→ Dataset excerpt
##########
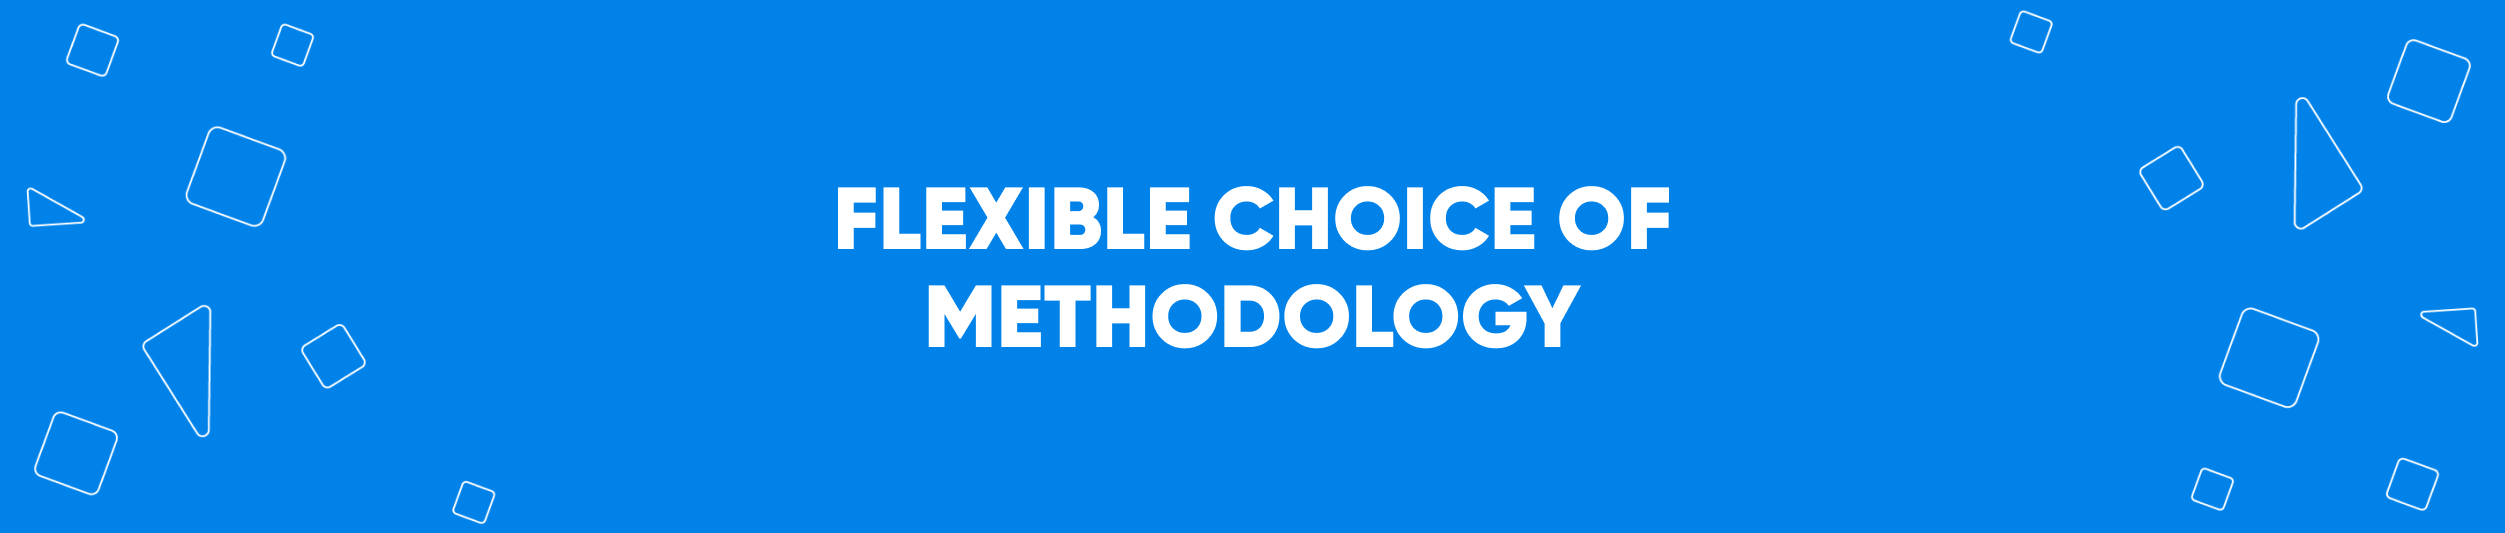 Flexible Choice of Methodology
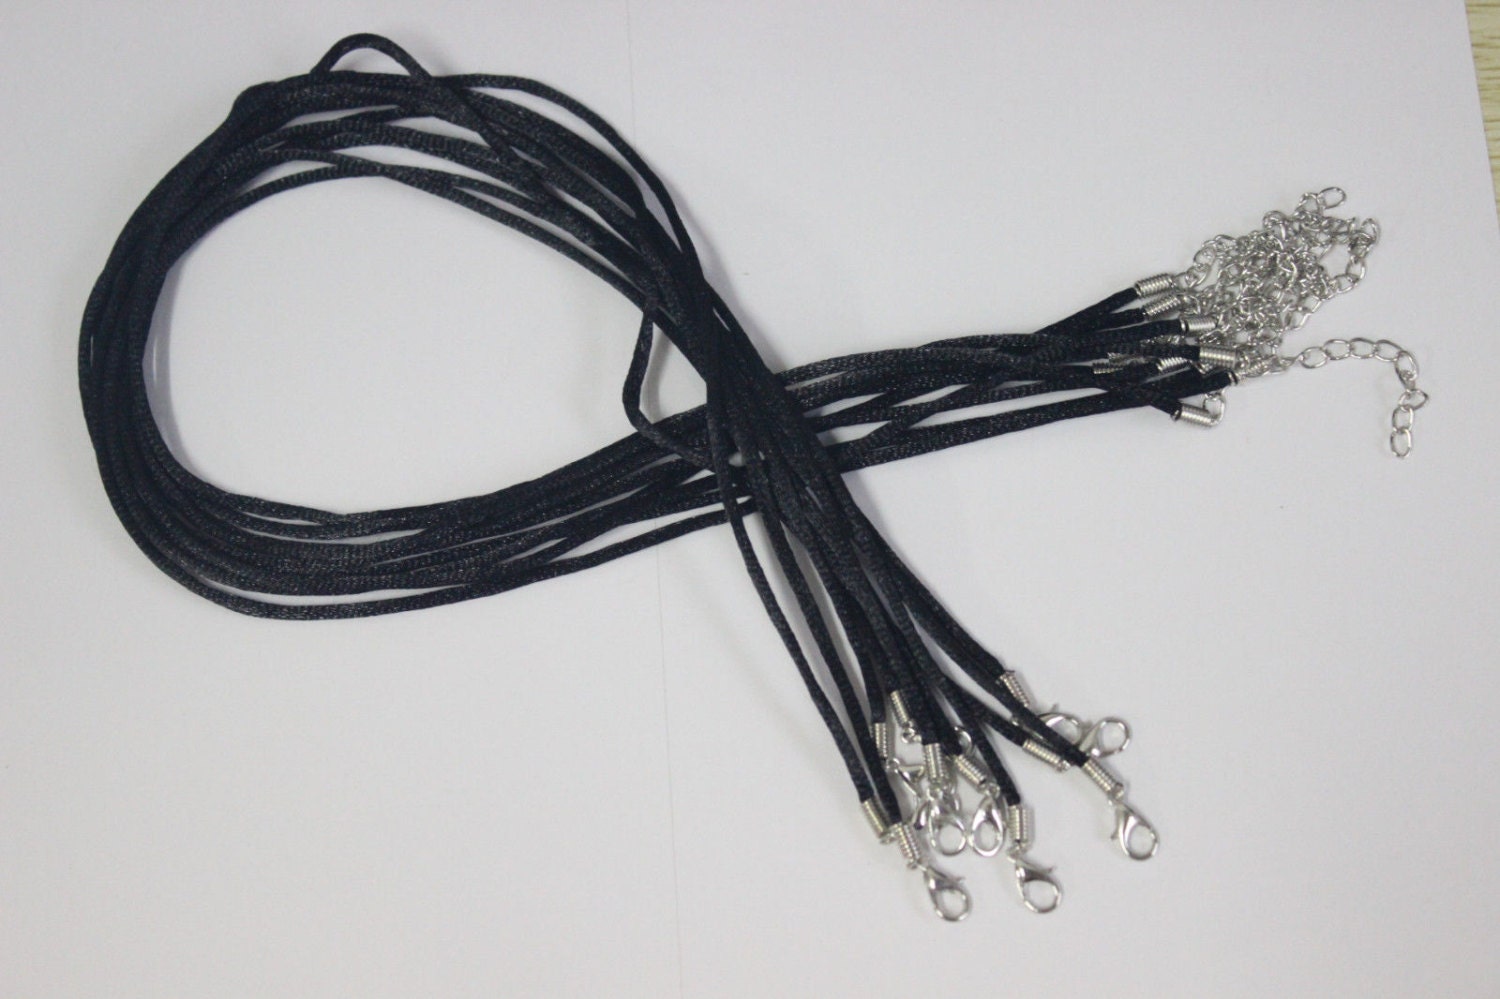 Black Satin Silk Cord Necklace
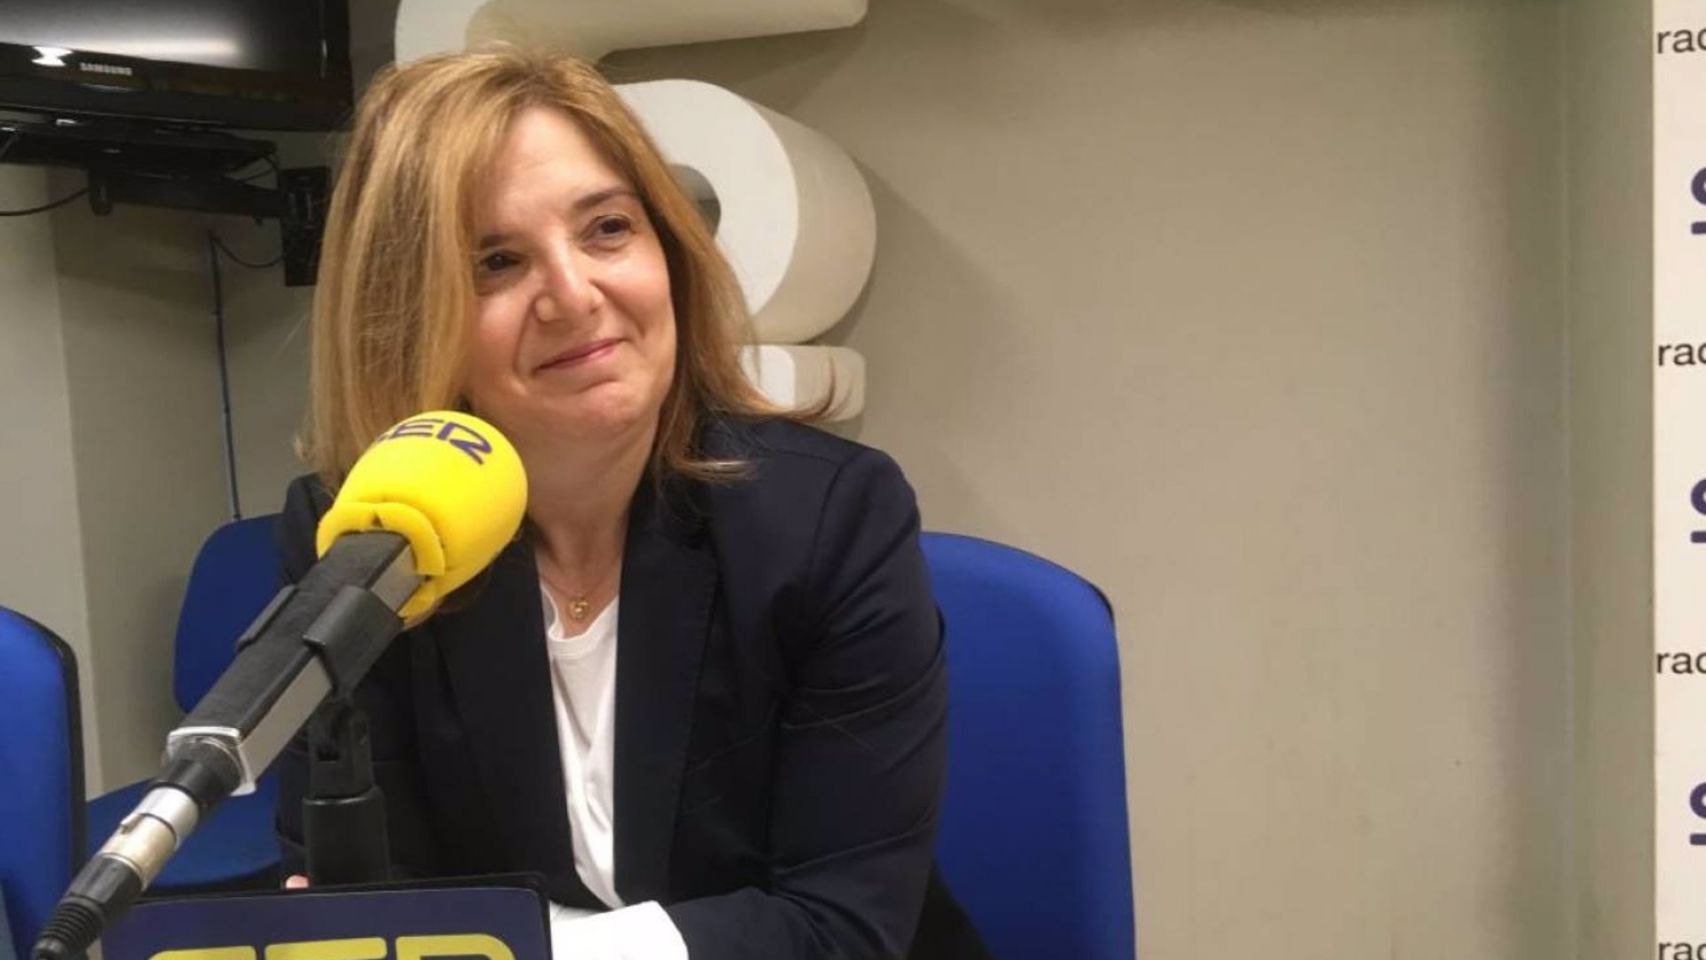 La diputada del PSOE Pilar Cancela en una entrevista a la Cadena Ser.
##########
→ What you should do
Leaving the pictures out, write out all the material above exactly.

→ Response to this exercise
 Flexible Choice of Methodology
 Black Satin Silk Cord Necklace
 La diputada del PSOE Pilar Cancela en una entrevista a la Cadena Ser.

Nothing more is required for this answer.